Abstract:
A predictive long short-term memory (LSTM) model developed on a particular water quality
dataset will only apply to the dataset and may fail to make an accurate prediction on another dataset.
This paper focuses on improving LSTM model tolerance by mitigating discrepancies in model prediction
capability that arises when a model is applied to different datasets. Two predictive LSTM models are
developed from the water quality datasets, Baffle and Burnett, and are optimised using the metaheuristic
genetic algorithm (GA) to create hybrid GA-optimised LSTM models that are subsequently combined with
a linear weight-based technique to develop a tolerant predictive ensemble model. The models successfully
predict river water quality in terms of dissolved oxygen concentration. After GA-optimisation, the RMSE
values of the Baffle and Burnett models decrease by 42.42% and 10.71%, respectively. Furthermore, two
ensemble models are developed from the GA-hybrid models, namely the average ensemble and the optimal
weighted ensemble. The GA-Baffle RMSE values decrease by 5.05% for the average ensemble and 6.06% for
the weighted ensemble, and the GA-Burnett RMSE values decrease by 7.84% and 8.82%, respectively.

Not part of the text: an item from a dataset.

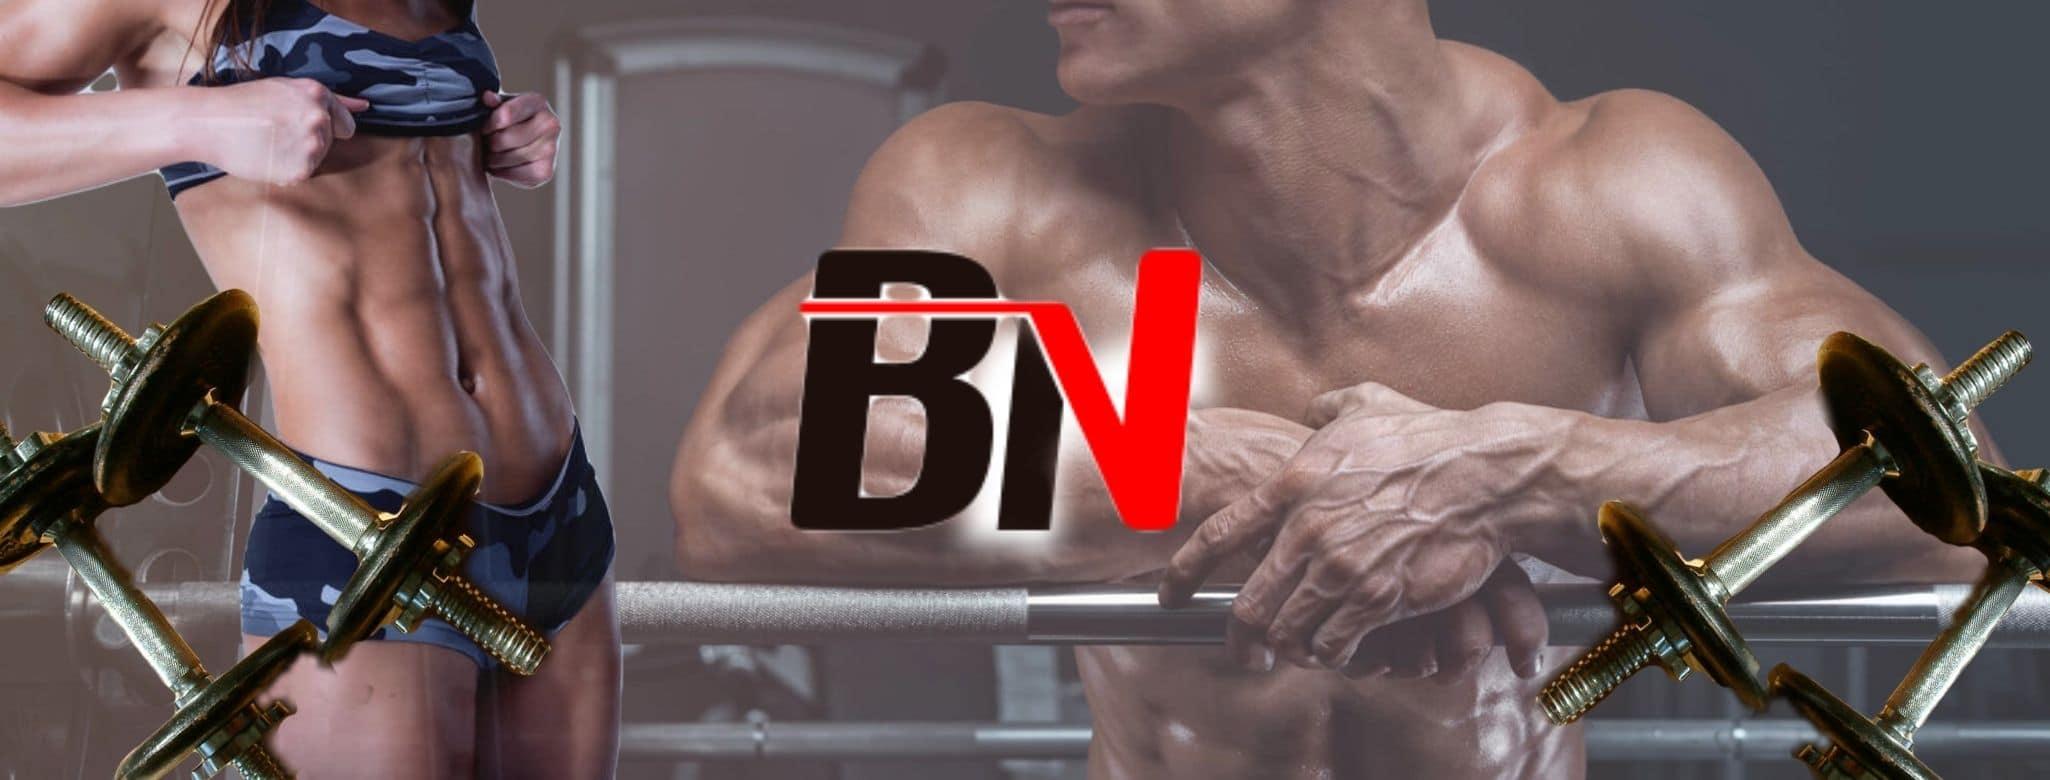 Vigorexia, la obsesión por los músculos

When
tested on unseen and unrelated datasets, the models make accurate predictions, indicating the applicability
of the models in domains outside the water sector. The consistent and similar performance of the models
on any dataset illustrates the successful mitigation of discrepancies in the predictive capacity of individual
LSTM models by the proposed ensemble scheme. The observed model performance highlights the datasets
on which the models could potentially make accurate predictions.